The Bull’s Eye Works in Many Endeavors

The concentric rings that work backward from a bull’s eye of goals for enduring understanding can also work as a pyramid.  From the top down, one must delineate overarching objectives that translate into well-defined goals and fan out into linked activities and criteria for measuring their success.  This is a useful intellectual construct and guide to action that applies to many endeavors.  Our U.S. embassies abroad in more than 160 countries undertake such an annual design process to ensure that their activities fulfill our national objectives.  Otherwise, these myriad efforts might be scattershot and we would risk misusing public resources, that is, your money.  Ditto for designing activities in a classroom, where teachers too are managers of resources, negotiators and shepherds of human potential.  

In every U.S. embassy, preparation of the Mission Performance Plan (MPP) is a major annual undertaking.  Consider Mexico City, where dozens of U.S. Government agencies operate under one roof.  Section chiefs come together to articulate Mission Objectives (the bull’s eye or the peak of the pyramid), which must be linked to strategic goals of the White House and State Department.  For example, one objective would probably be to strengthen U.S.-Mexican border security.  Among the goals that emanate from this bull’s eye might be an aim to reduce cocaine trafficking across the border.  “To Do” this goal will require training of an additional 300 Mexican border police and enhanced data sharing.  Activities and indicators of success will take into account the number of police who receive training in the U.S. and in Mexico, with an expectation of a 20% reduction in trans-border trafficking in 2014.  Responsibilities are assigned, with the Drug Enforcement Administration (DEA) taking the lead in coordination with the FBI, DHS and the consular section.

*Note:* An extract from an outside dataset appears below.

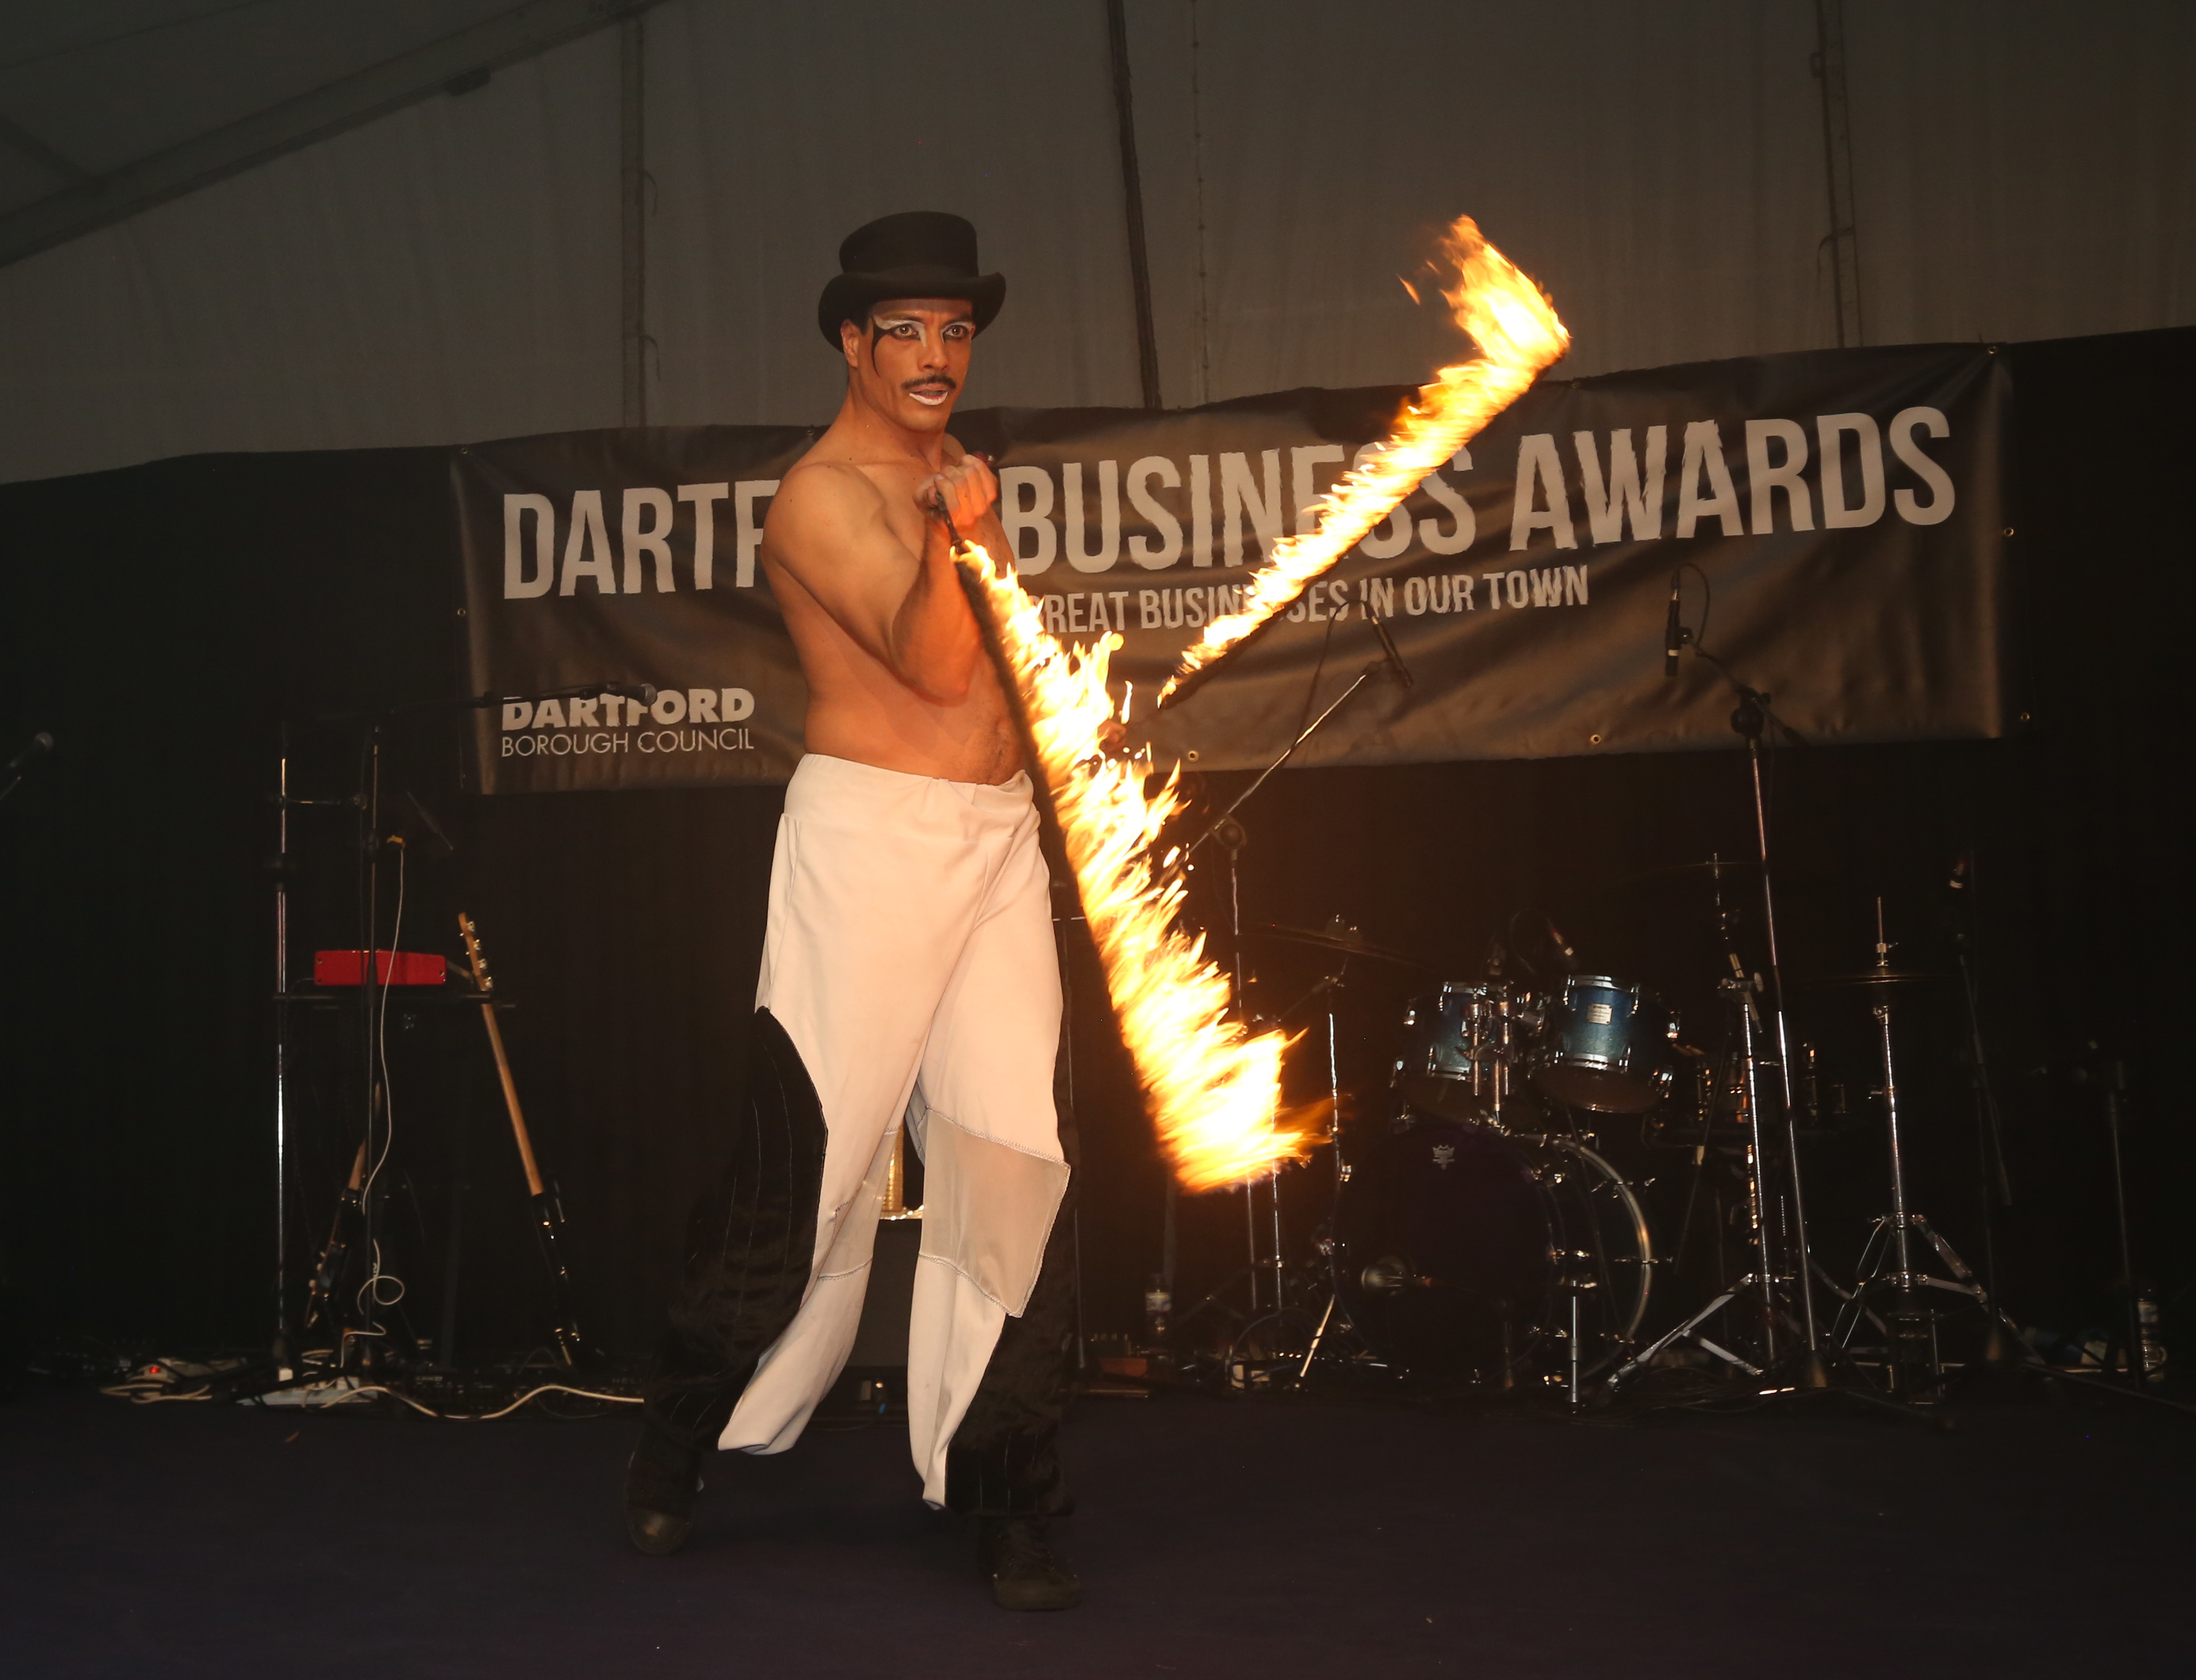 Fire juggler at the Dartford Business Awards

Without such a goal-centric plan, which flows from the abstract to the concrete, we lack intellectual coherence, focus and ballast.  We flounder and we may fail our customers, who are the American public or our students.  We miss the opportunity to pool our efforts and learn from others’ expertise and our interactive engagement.  Whether the design is a circle or a pyramid, it must have enough flexibility to incorporate variables that arise spontaneously, including in the give-and-take of a classroom.  I thus think of the Teacher as a Manager, a Diplomat, Designer and Coach who plans and orchestrates, starting with the bull’s eye, or the peak of that Aztec pyramid, and then never loses sight of it.